Чарли Люк явно старался говорить тише, но перегородки все равно дрожали от его зычного голоса. Наступившая вдруг тишина бальзамом пролилась на уши Кампьена.
— Аптекарь может представлять интерес? — спросил он — рассказ инспектора становился все занятнее.
— Еще какой! Хоть сейчас на экран кино. Аптека у него — не аптека, а кунсткамера. Чего в ней только нет! Слыхали когда-нибудь о таком снадобье: «Лекарство от кашля и живота. Бабушкин яблочный сад»? Разумеется, нет. А ваш дед принимал его утром, в обед и вечером. Так вы и его найдете у папаши Уайлда, и даже в той самой упаковке. А сколько там выдвижных ящичков со всякой гадостью! А запахи! Как в спальне у больной старухи. И среди всего этого сам папаша Уайлд, волосы крашеные и тугие-претугие воротнички, — Люк натужно задрал подбородок и выпучил глаза. — Узкий черный галстук, полосатые брюки. Когда старый Джоуи и Джес Пузо выкапывали мисс Руфь Палинод, а мы стояли вокруг и угрюмо ждали, пока сэр Доберман наполнял свои вонючие банки, признаюсь, я вдруг вспомнил папашу Уайлда. Не хочу сказать, что именно он отправил старуху на тот свет, если все-таки ее кто-то туда отправил. Но держу пари, зелье взято из его кладовых.

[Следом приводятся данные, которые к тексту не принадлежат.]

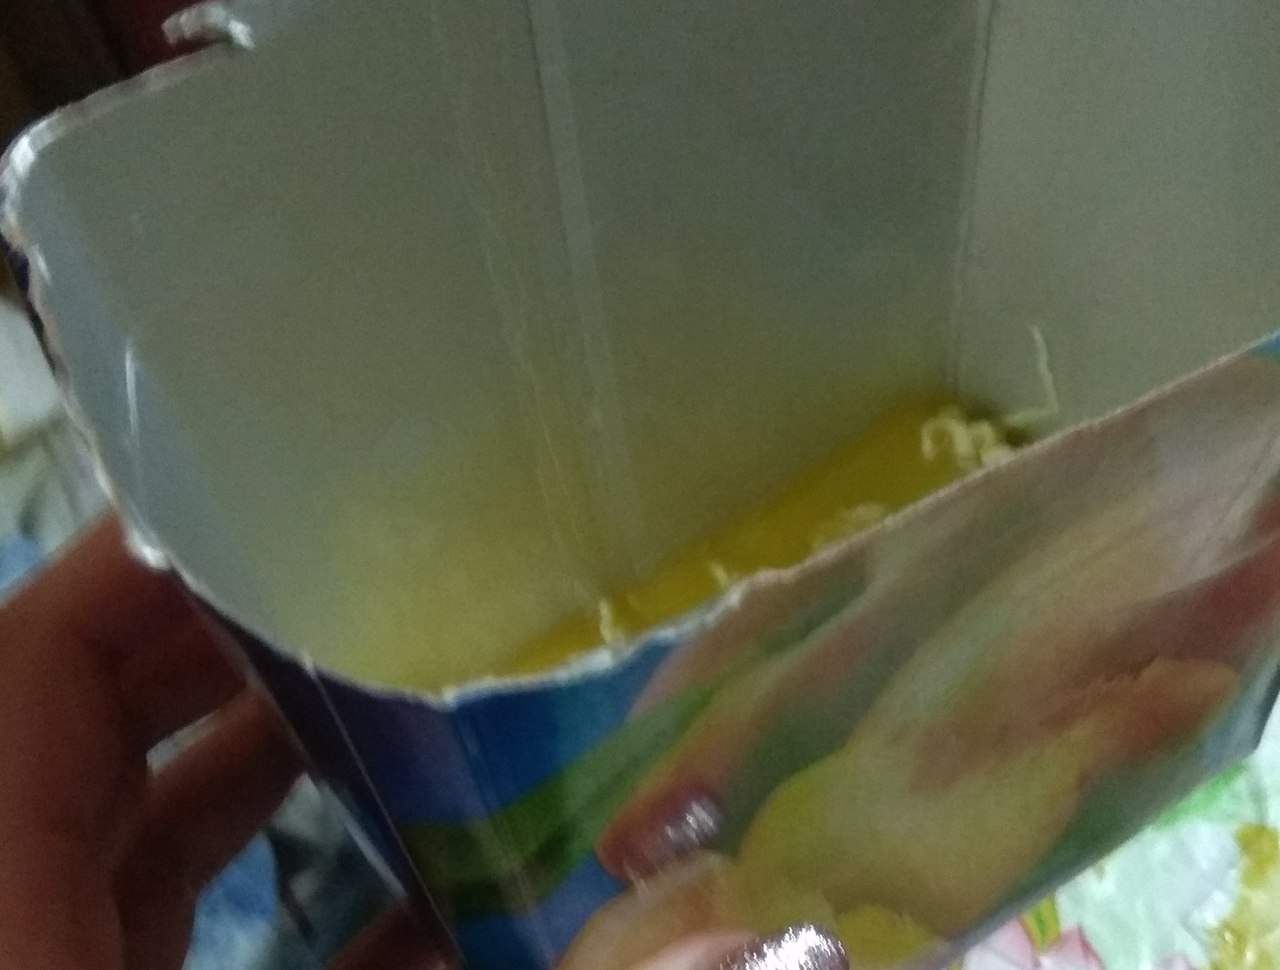 Харьковчанка обнаружила макароны на дне упаковки сока

— Когда будет готов анализ?
— Уже есть предварительные результаты. Окончательный ответ получим поздно вечером. Скорее всего, к полуночи. Если будет обнаружен яд, тут же разбудим гробовщиков и выроем брата. У меня уже есть ордер на эксгумацию. Отвратительное это дело — кости, смрад, бр-р!
Он затряс головой, как вымокший под дождем пес, и отпил из бокала.
— Старший брат? Самый старший из детей профессора Палинода?
— Да, Эдвард Палинод, умер в возрасте шестидесяти лет в марте этого года. Значит, семь месяцев назад. Надеюсь, он еще не совсем разложился. Кладбище у нас старое, сырое, давно пора закрыть.
— Мы остановились на подозрительном аптекаре, — улыбнулся Кампьен. — Следующий кто? Может, перейдем к Палинодам?
Инспектор немного подумал.
— Пожалуй, — согласился он с явной неохотой. — На другой стороне улицы только этот тип Пузо, крошечное отделение банка Клофа, переулок Мьюз и самая худшая в мире забегаловка «Фут-менз». Дом Палинодов стоит на углу, на той же стороне улицы, что и аптека. Дом — огромный и облезлый, как старый верблюд. В нем, как мне сказали, есть обширные подвалы, с одной стороны — маленький скверик, песчаные дорожки, обсаженные лавровым кустарником. Этот скверик — царство кошек и пустых бумажных пакетов.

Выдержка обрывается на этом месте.